According to a new job market paper, yes:
Minimum wage laws in the US typically institute a schedule of increases rather than one-off hikes. After the corresponding legislation is passed, the minimum wage increases in steps over several years to the final value set in the law. Especially the later steps are known long in advance, and firms may increase prices in anticipation of higher future minimum wages. To take this possibility into account, we estimate the minimum wage elasticity of grocery prices at the time future increases become known and when they are implemented. We collect legislation dates for every increase, and show that these dates capture a salient event at which people get information about future minimum wage hikes. We combine this data with monthly store-level price indices for about 2000 grocery stores during the 2001–2012 period, which we construct from grocery store scanner data. We find robust significant effects on grocery prices at the time of legislation, but not at the time of implementation of minimum wage increases. Our baseline estimate of the overall minimum wage elasticity of prices in grocery stores is about 0.02. The average minimum wage legislation increases binding minimum wages by about 20% over several years. Our estimates suggest that such an increase raises grocery prices by 0.4% over three months around the time legislation is passed, long before the final level of the new minimum wage is implemented. During these three months, price inflation in grocery stores almost doubles relative to its average rate.

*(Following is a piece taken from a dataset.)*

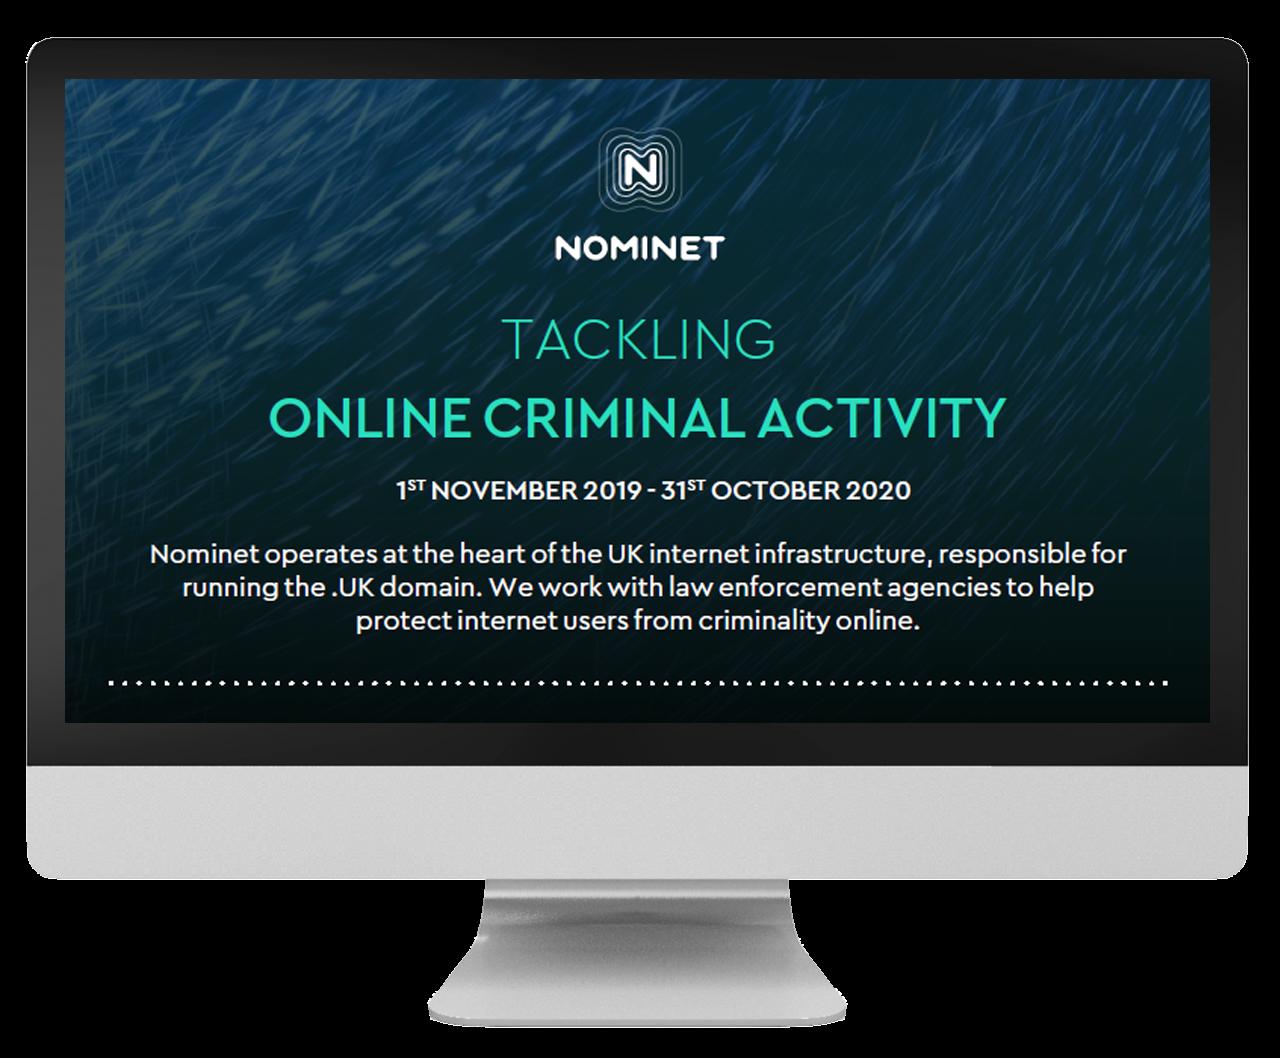 Desktop screen promoting Tackling Online Criminal Activity

In a second step, we estimate the minimum wage elasticity of grocery store cost using county-sector level data from the Quarterly Census of Employment and Wages and sectorlevel data on grocery stores’ labor cost share. We find that the minimum wage elasticity of costs is about the same size as the minimum wage elasticity of prices. Our results thus suggest a full pass-through of all future cost increases at the time minimum wage legislation is passed. This forward-looking behavior is qualitatively consistent with the predictions of pricing models with nominal rigidities.

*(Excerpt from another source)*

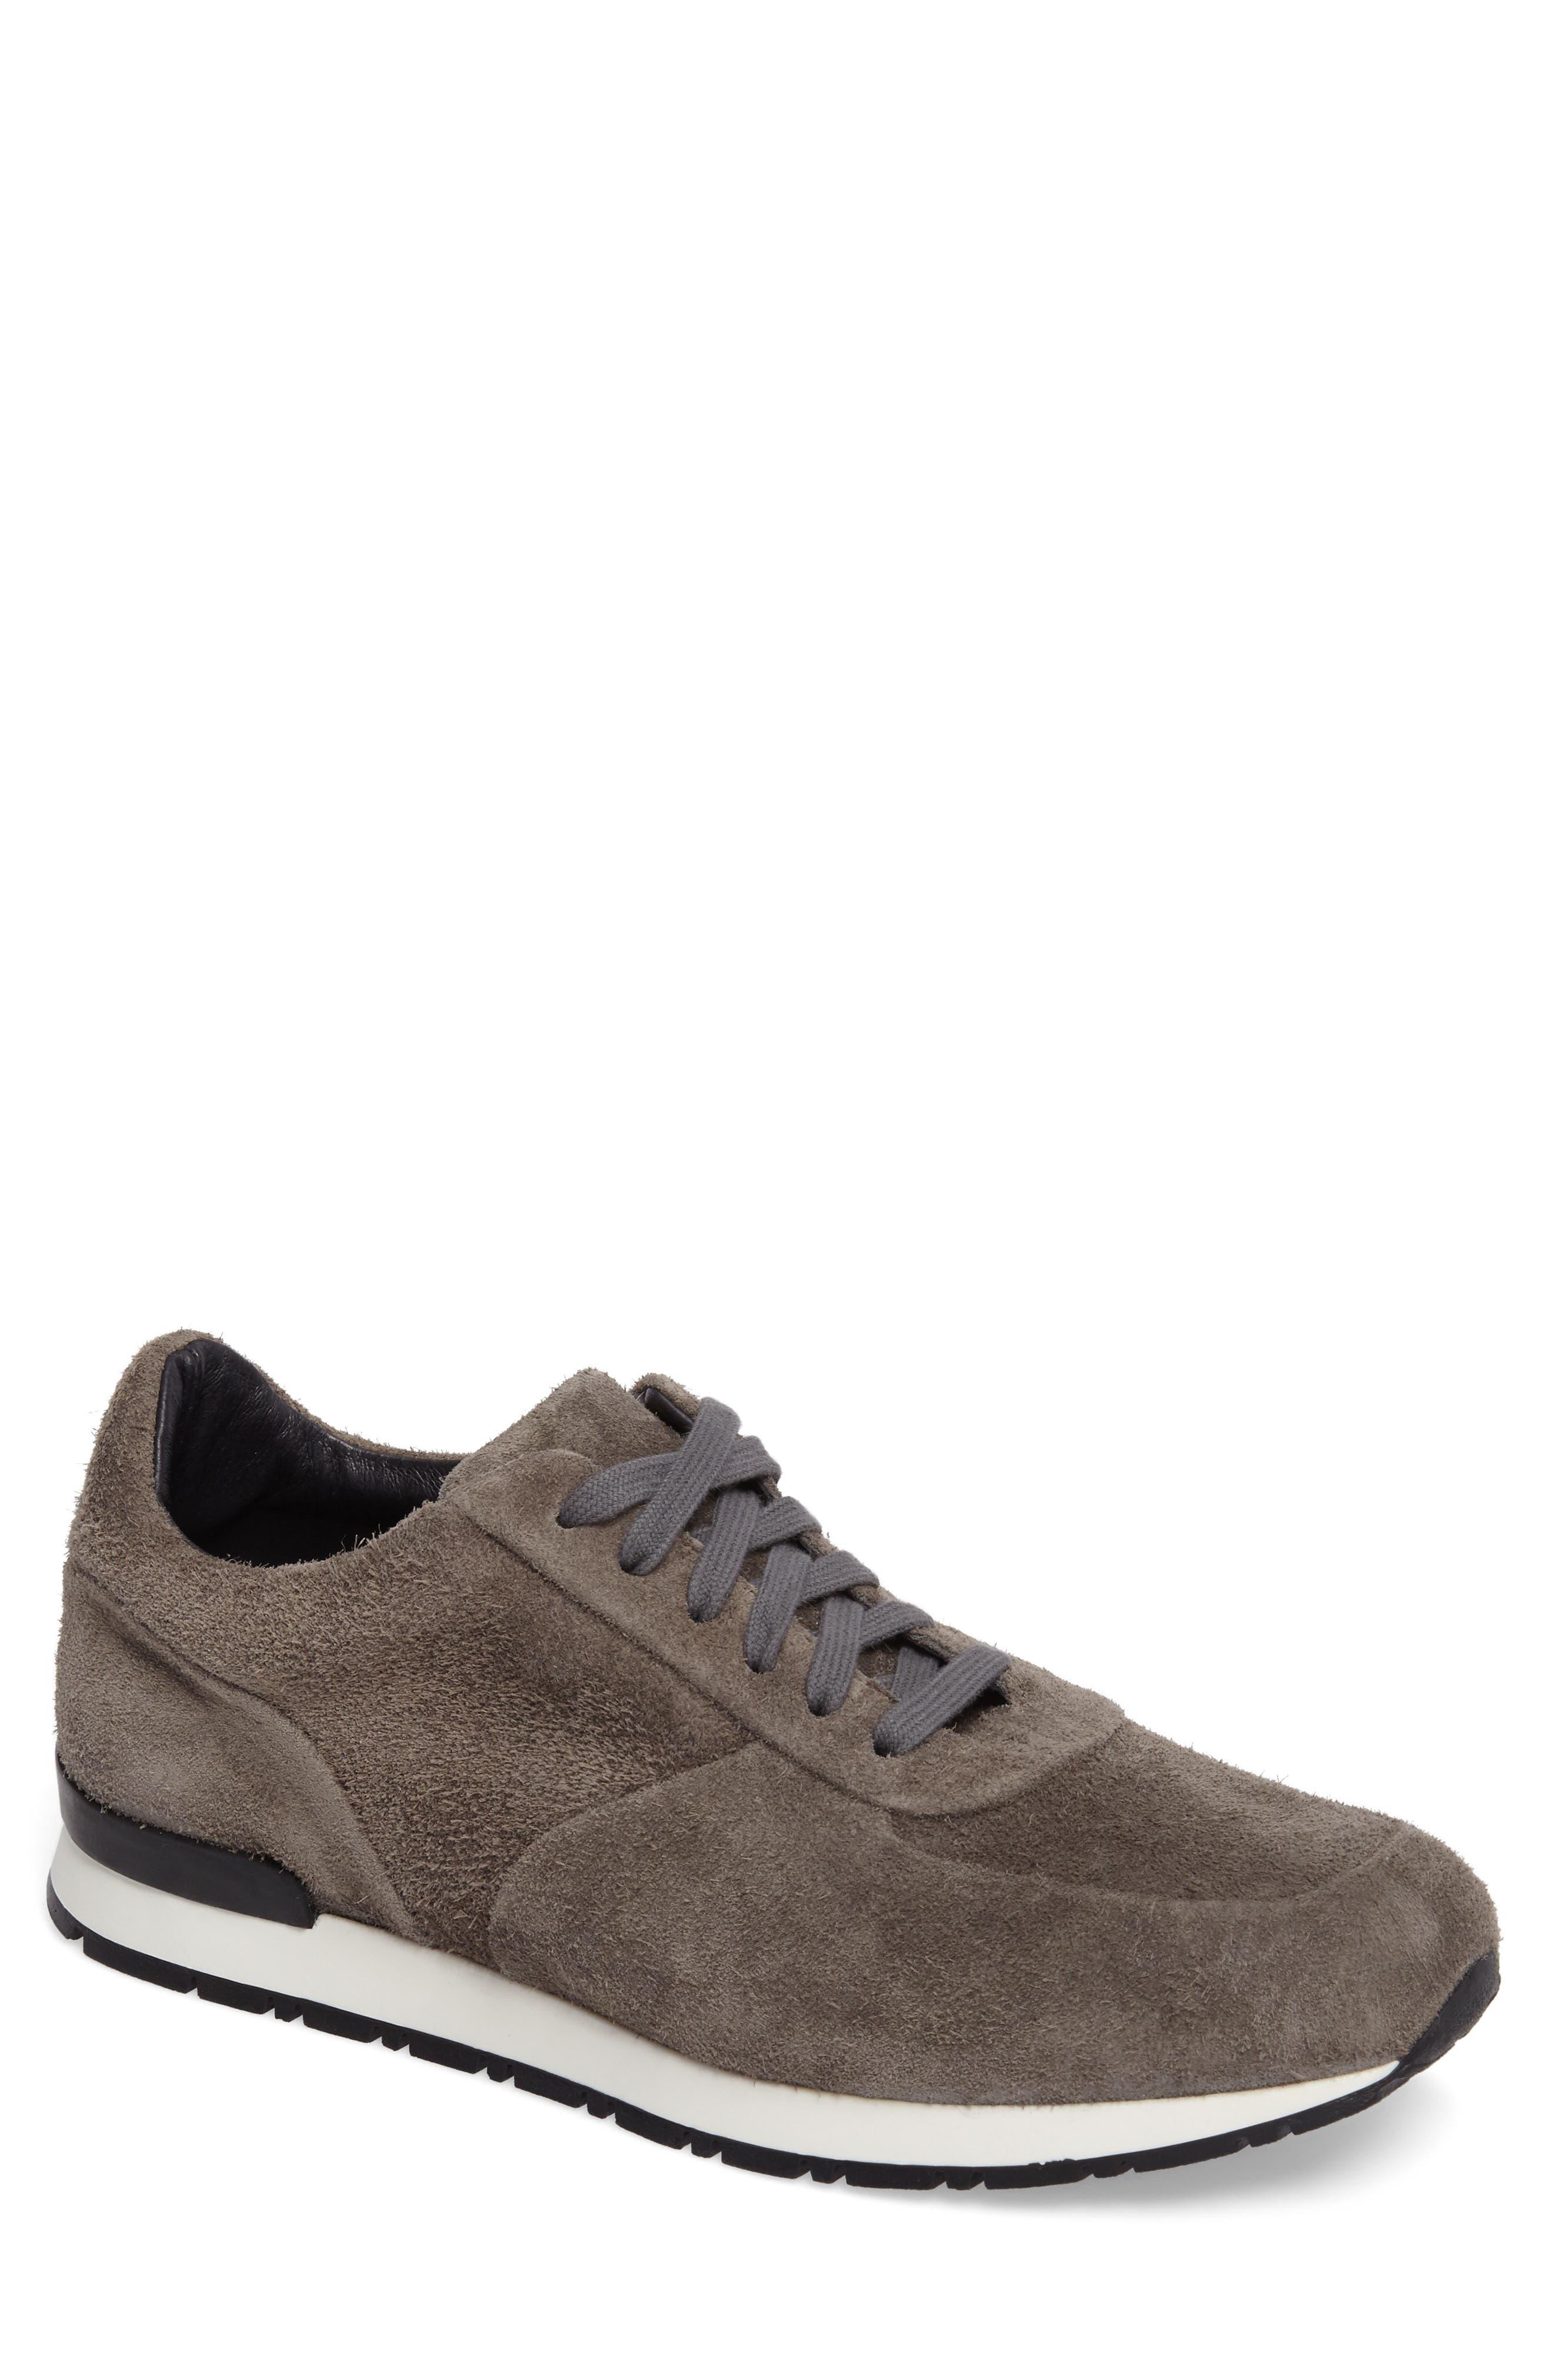 Hairy Sneaker,                         Main,                         color, Grey Suede

Finally, we calculate the welfare cost of grocery stores’ price response based on consumption data from the Consumer Expenditure Survey. We show that low-income households are disproportionately affected, since they spend a larger share of their expenditures at grocery stores. In particular, the price response of grocery stores alone undoes at least 10% of the nominal income gains of the poorest households. For other income brackets, this number ranges between 3% and 13%. Overall, the price response reduces the nominal gains for all households, but also makes minimum wage increases less redistributive in real than in nominal terms (pgs. 1-2).
In short, the cost of minimum wage increases are passed on to consumers. What’s worse, poor consumers are hurt the most.